Tuesday, 18 December 2018

A Hard Decision- Part 3


With each day, week and month I felt much burdened by parenting him. He was growing more stubborn, more disrespectful, more ungrateful, more entitled! Apparently back home his grandmother calls him “The king that reigns”. So he probably felt like a king around here, being the only child and having all these privileges. All I needed from him was gratitude and respect. I tried teaching him mutual respect by sharing our chores, by encouraging him also that if he needed something and wasn’t able to do or get it, he should request and if I’m able I’d assist. It got to a point where it seemed that he found leverage in making me do stuff.
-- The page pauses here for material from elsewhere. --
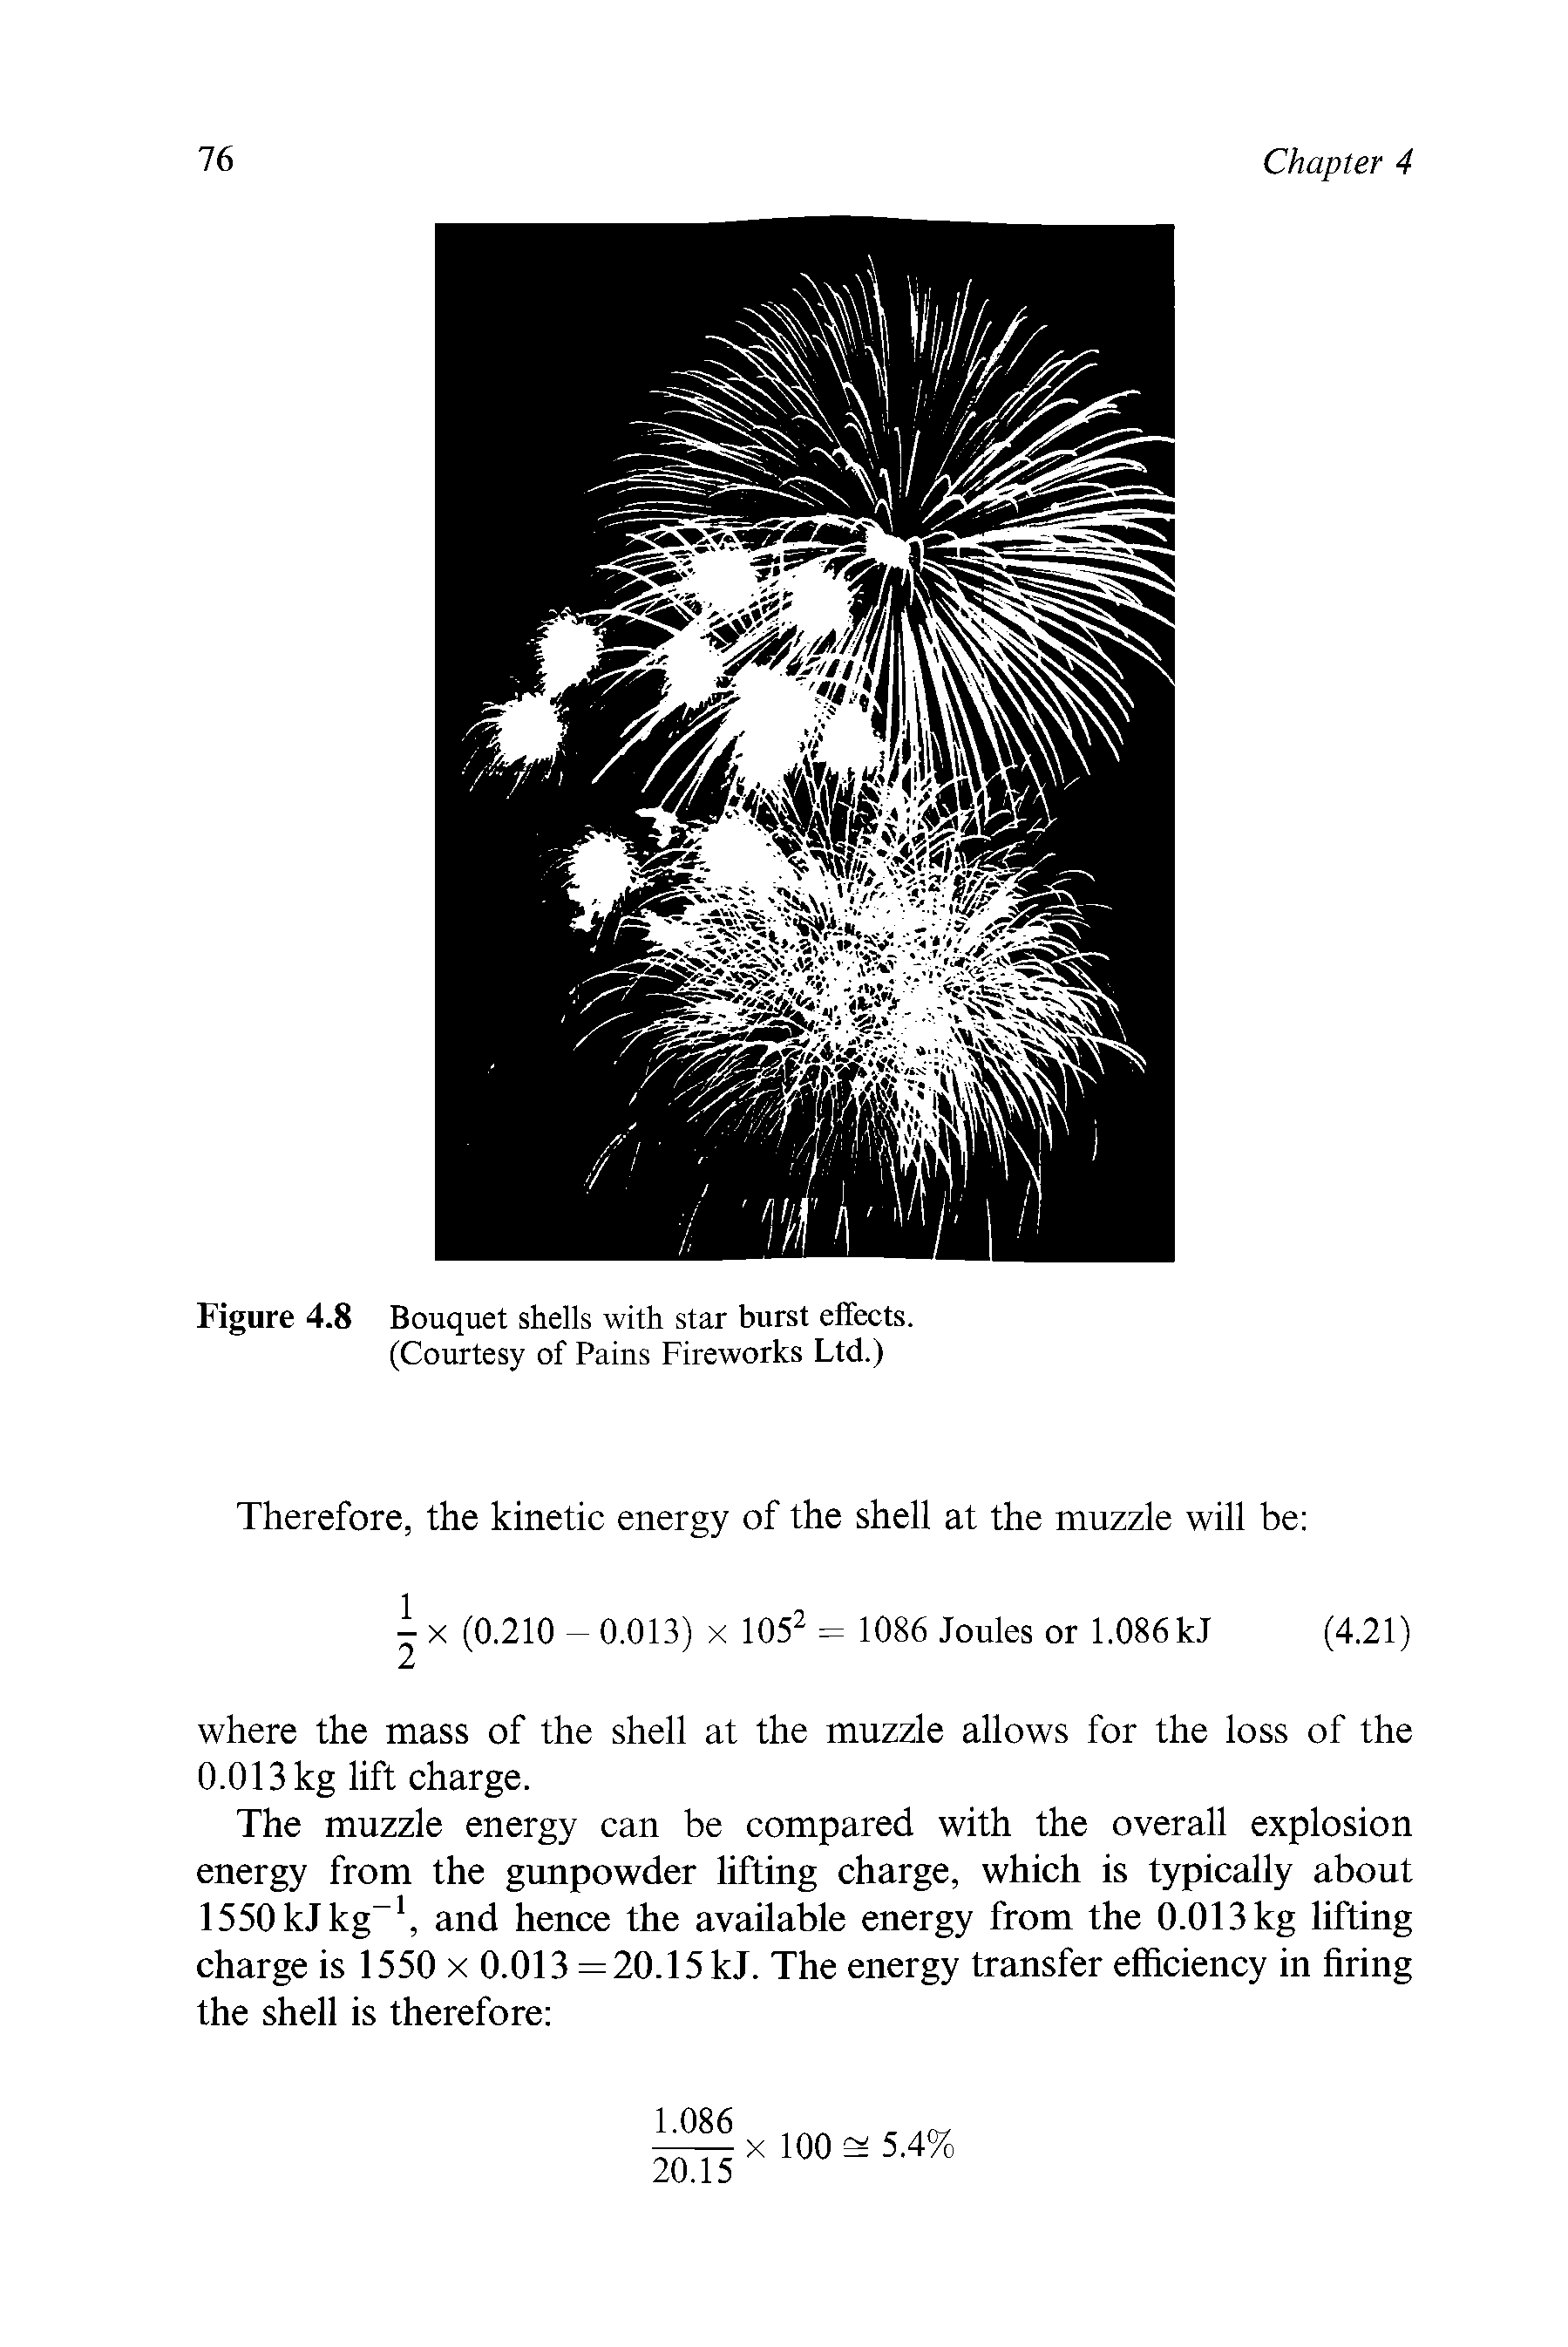 Figure 4.8 Bouquet shells with star burst eflfects.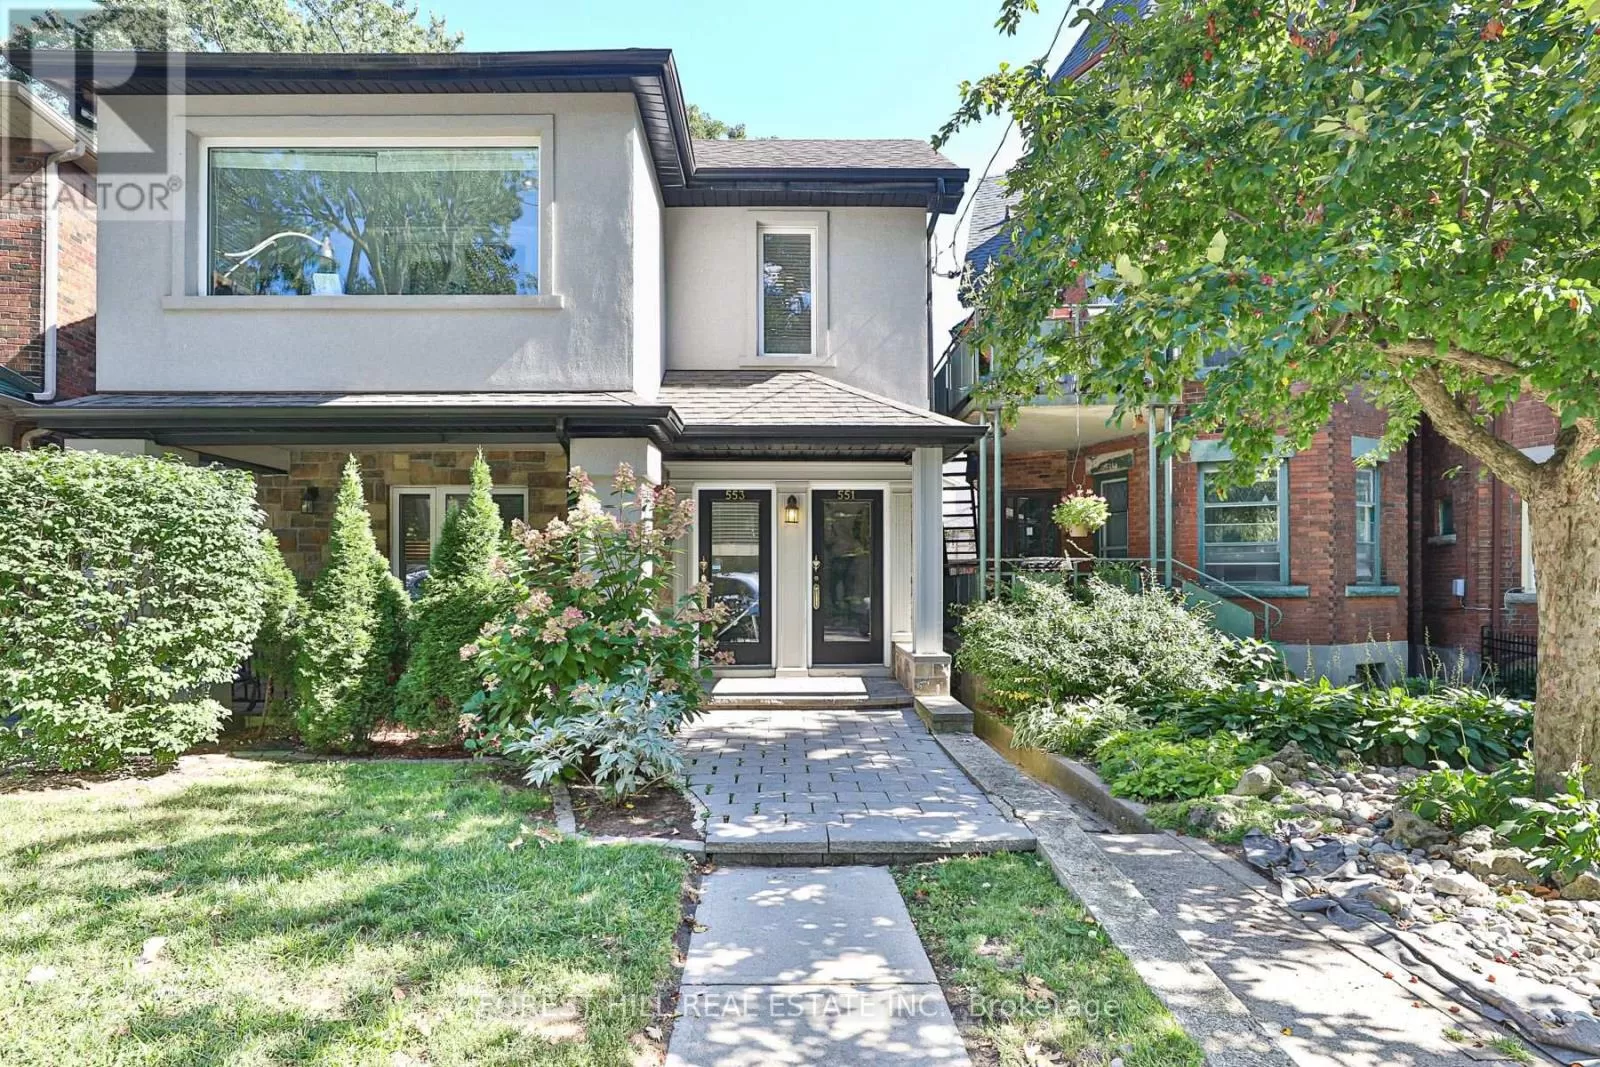 Fourplex for rent: 551-553 Indian Road, Toronto, Ontario M6P 2B9

I’d be busy doing something and he’d just stand there and ask me to get him something. Thinking that he didn’t understand this concept of mutual respect and assistance, I thoroughly explained that he just doesn’t go around telling adults to do things for him especially when they are busy and he is not doing anything. But he’d lie on the couch at times, while I’m busy in the kitchen or something, and still like a little god request me to get or do something for him. It was getting to a point of irritation. Why do you think life owes you so much!

Just when I thought I’ve had it, my neighbor would come unexpectedly at my place. Reatile’s face would change completely that my neighbor thought that I was abusive to him. Before my neighbor arrived, or any other person for that matter, Reatile and I would talk and laugh at his jokes. But as soon as people came over, Reatile would be upset and not talk to me afterwards. It was so overwhelming. He once told me that I never do for him what I do for my learners! I understood this was childish behavior and explained that what I do for him is already too much and I owe him nothing. Is this the life really that God has chosen for me? Should I suffer now because I always took His gifts for granted? Is it payback time now for being ungrateful for all that God does for me? Or is this one of the ways guilt messages are perpetuated for proving my worth?

As I was growing up my mother had already planned a life out for my sister and I as foretold by “a certain man”. I was the one who’d take care of “the family” while my sister would be the one who’d get married and venture out successfully into the world. With this knowledge embedded in me, I felt that it was my responsibility to take care of my extended family, probably part of the reason I took Reatile in. During the course of the year however, my mother would suggest that my cousins come to live with me. One of my cousins was kicked out of his school due to finances and it made perfect sense to mother that I leave whatever I was doing, and go school hunting for this teen male cousin of mine. She takes other people’s problems and she places them not only on herself but also on me. Fortunately, with the lot I was already dealing with I managed to escape the trap by refusing. She asked one of my aunts to let her child come live with me. My aunt was wise enough to decline the offer saying that “she want to raise her own children.” To mother it makes perfect sense that my space should be a charity house for her extended family. But when will I be able to grow on my own? To enjoy this season of my life whilst not having my own kids, to make purchases without having to feel guilty about other people’s children? To enjoy this little bit of salary that I get?